Not shown: Zihr 600 mm Turkish Mincing Knife, kiridashi, a few single-bevel knives for practicing sharpening and polishing.


----------



## Homechef

I love this last picture because my collection is starting to look like your first post. The future looks bright! Any advice on the message track with the significant other justifying more knives than days of the month or should I start hiding them?!


----------



## pgugger

Haha, no sage relationship advice from me, but probably better to discuss openly, at least at first or from time to time, to set the broad parameters, rather than hiding it! I justify it as reasonable to have a hobby that my income can support after all the necessities and savings. Plus she gets gourmet meals routinely, and here we all know that 15 gyutos are the key to good home cooking!


----------



## matchplay18

Paul I like your collection.


----------



## matchplay18

After reading your post much wisdom sound reasoning


----------



## krstf

How do you like the shigemitsu ito? Not much info to be found regarding these?


----------



## pgugger

Honestly I only did some test cuts with it, but I thought it cut really well with good food release. Nice convex zero grind. 



krstf said:


> How do you like the shigemitsu ito?
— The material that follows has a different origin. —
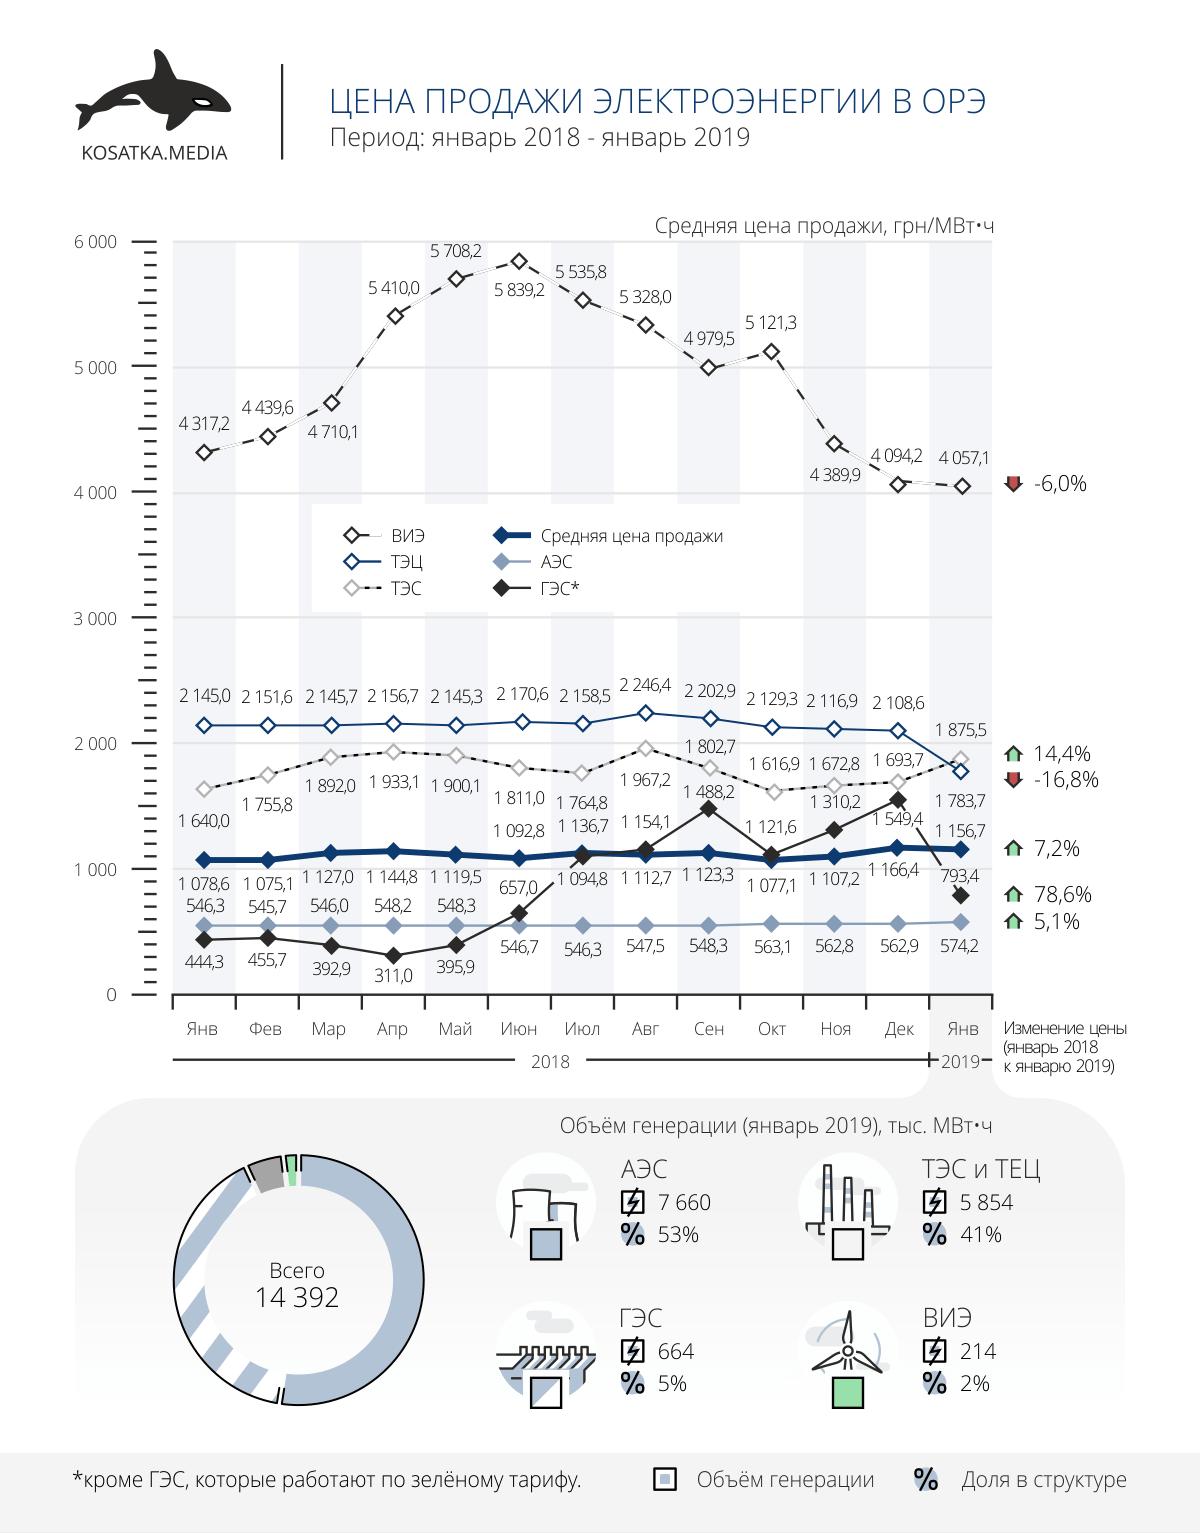 Цена продажи электроэнергии в оптовый рынок

Not much info to be found regarding these?


----------



## DrD23

incredible collection! Favorites?


----------



## simona

Nice. How is the handle feel on the Otsuka?


----------



## pgugger

DrD23 said:


> incredible collection! Favorites?


So hard to pick because they are all good in different ways. But if I have to then my favorite gyutos are probably the Migoto and Toyama (all of them), followed closely by Takada, Konosuke Fujiyama and Jiro. Still need to use the Tetsujin and Kagekiyo more to compare. 



simona said:


> Nice. How is the handle feel on the Otsuka?


It’s awesome. It fits my hand perfectly. Feels like it should be a big steak knife but works as a small petty.


----------